[Cython] Py_UNICODE* string support

Sun Mar 3 14:40:54 CET 2013

On Sun, 03 Mar 2013 15:32:36 +0600, Stefan Behnel <stefan_ml at behnel.de>  
wrote:

> 1) I would like to get rid of UnicodeConst. A Py_UNICODE* is not  
> different
> from any other C array, except that it can coerce to and from Unicode
> strings. So the representation of a literal should be a (properly
> reference
> counted) Python Unicode object, and users would be allowed to cast them
> to <Py_UNICODE*>, just as we support it for <char*> and bytes.

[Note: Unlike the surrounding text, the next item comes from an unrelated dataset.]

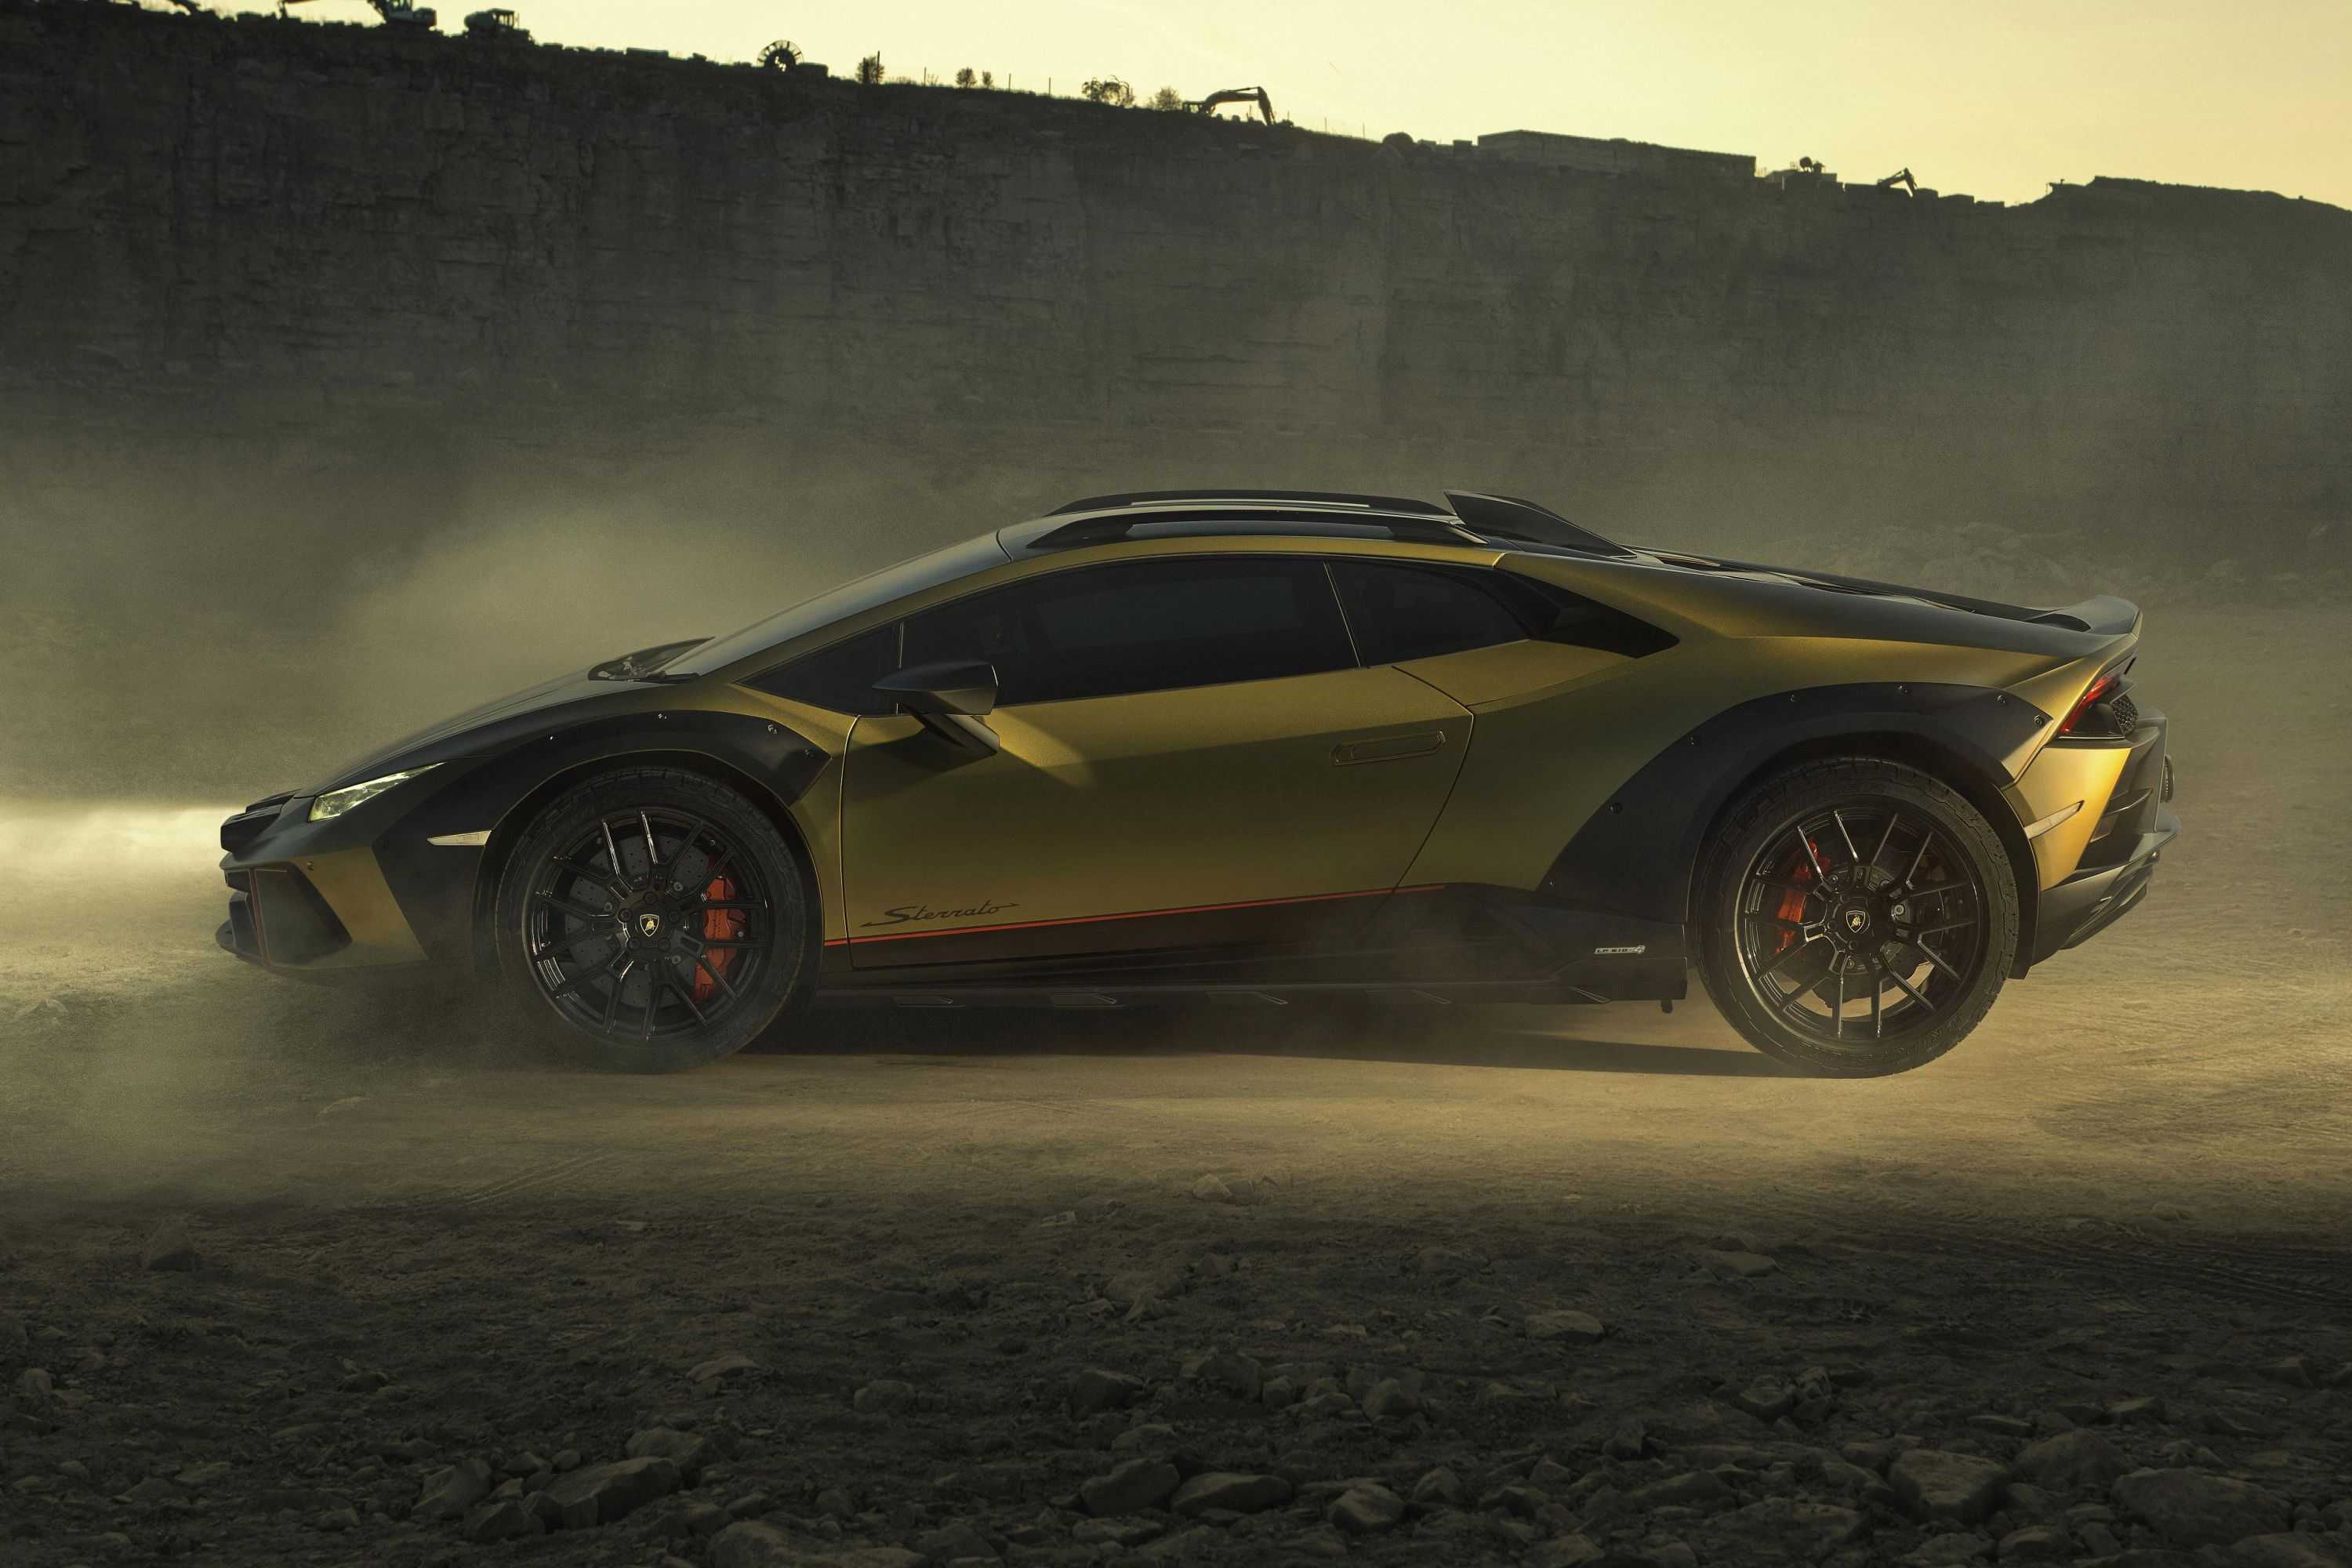 Lamborghini представила спорткар Huracan Sterrato для бездорожья

I understand the idea. Since Python unicode literals are implicitly
coercible to Py_UNICODE*, there appears to be no need for C-level
Py_UNICODE[] literals. Indeed, client code will look exactly (!) the same
whether they are supported or not.

Except when it comes to nogil. (For example, native callbacks are almost
guaranteed to be nogil.) Hiding Python operations in what appears to be
pure C-level code will break users' assumptions.
This is #1 reason why I went for C-level literals. #2 reason is efficiency
on Py3.3. C-level literals don't need conversions and don't call any  
conversion APIs.

> 2) non-BMP literals should be supported by representing them as normal
> Unicode strings and creating the Py_UNICODE representation at need (i.e.
> explicitly through a cast, at runtime). Py_UNICODE[] literals are simply
> not portable.

Py_UNICODE[] literals can be made fully portable if non-BMP ones are  
wrapped
like this:

    #ifdef Py_UNICODE_WIDE
    static const k_xxx[] = { <UTF-32 array without surrogates>, 0 };
    #else
    static const k_xxx[] = { <UTF-16 array with surrogates>, 0 };
    #endif

Literals containing only BMP chars are already portable and don't need
this wrapping.

> 3) __Pyx_Py_UNICODE_strlen() is ok, but only for the special case that  
> all we have is a Py_UNICODE*. As long as we are dealing with Unicode  
> string
> objects, that won't be needed, so len() should be constant time in the
> normal case instead of linear time.

len(Py_UNICODE*) simply mirrors len(char*). Its putpose is to provide
platform-independent Py_UNICODE_strlen (which is Py3 only and deprecated  
in 3.3).

> So, the basic idea would be to use Unicode strings and their (optional)
> internal representation as Py_UNICODE[] instead of making Py_UNICODE[] a
> first class data type. And then go from there and optimise certain things
> to use the unpacked array directly, so that users won't need to put
> explicit C-API calls into their code.

Please reconsider your decision wrt C-level literals.
I believe that nogil code and a bit of efficiency (on 3.3) justify their
existence. (char* literals do have C-level literals, Py_UNICODE* is in
the same basket when it comes to Windows code).
The code to support them is also small and well-contained.
I've updated my pull request to fully support for non-BMP Py_UNICODE[]  
literals.

If you are still not convinced, so be it, I'll drop C-level literal  
support.

Best regards,
Nikita Nemkin

PS. I made a false claim in the previous mail. (Some of) Python's wchar_t  
APIs
do exist in Py2. But they won't manage the memory automatically anyway.